A general understanding that activities of cluster initiatives yield short-term results that, in turn, contribute to strengthened innovation capacity and economic performance in the longer-term.
Simplified logic:
Cluster initiatives aim at building on various types of input factors (both the tangible ”structural capital” including people, money and various types of infrastructure, and the intangible ”social/relational capital”) to upgrade the cluster/innovation environment.
The direct results – experienced in the near(er) term – are in the form of strengthened linkages/interactive learning processes...and collaborative R&I projects.
(This makes sense given that clusters are primarily focused on addressing coordination/system failures.)
These direct results (a more efficient/coordinated innovation system) then enhance longer-term outcomes/impacts on economic performance.
As with the overall ”generally accepted” effect logic, we start to see a ”generally accepted” set of indicators for evaluating impacts on economic performance, and typical approaches to collecting and analysing data (including increasing use of firm-level data and data on ”control groups”).
However, there are no standard approaches to evaluating the impacts on system coordination/interactive learning processes/collaboration...what we call the human element.
Current evaluation practices do collect data on both the “human element” and economic performance.
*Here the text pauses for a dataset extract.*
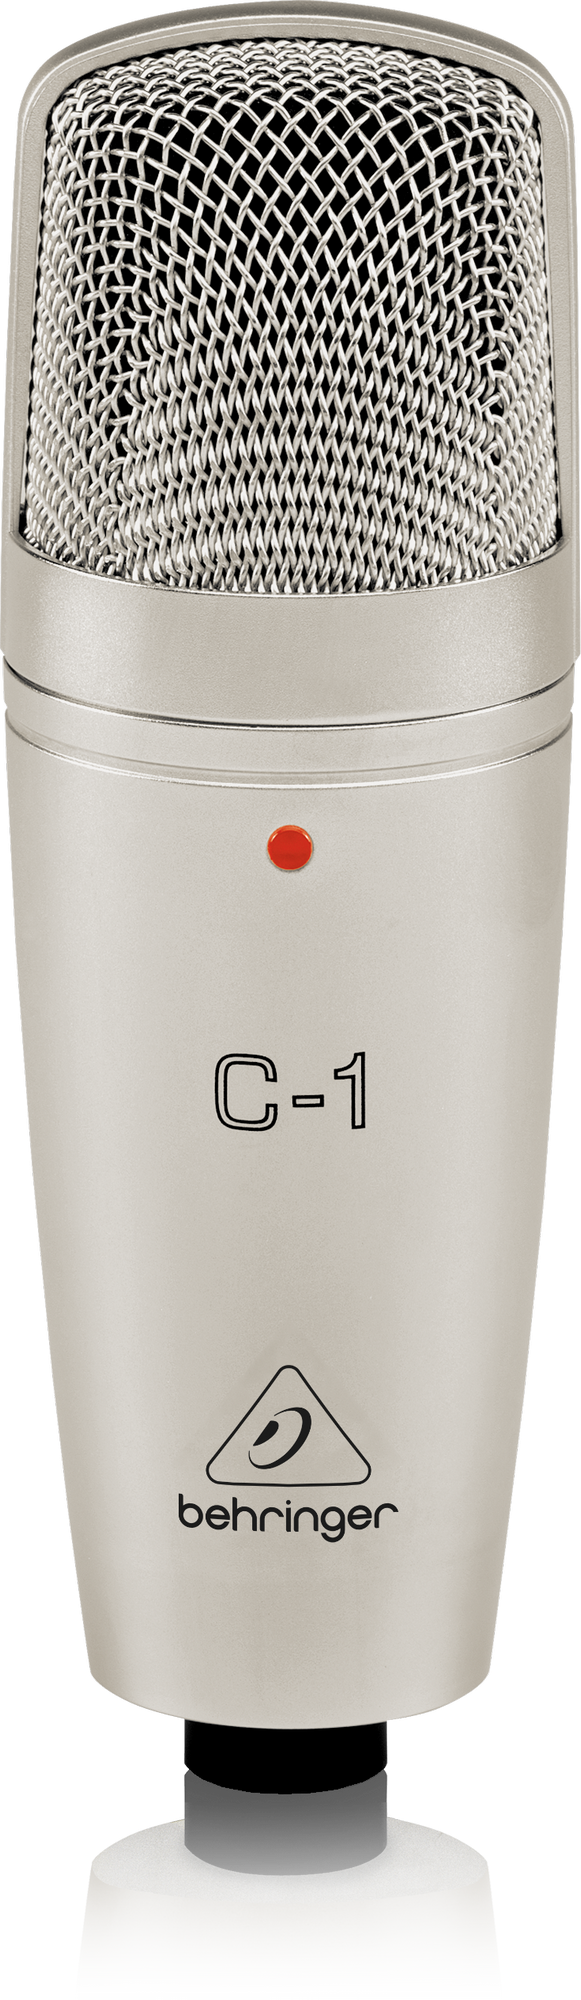 Behringer C-1 - Studio Condenser Microphone

However, the types of data collected (and from whom) vary…making it difficult to benchmark across geographies, or to conduct more comprehensive analyses (to better understand the relation between the human element and economic performance).
To advance understanding of cluster initiatives’ impact economic performance and competitiveness, we need to understand the human element. To accomplish this, we need a shared perspective on the key dimensions of “the human element”, and a systematic and easily-implementable approach to data collection.
This was where we left off in Belfast earlier this year.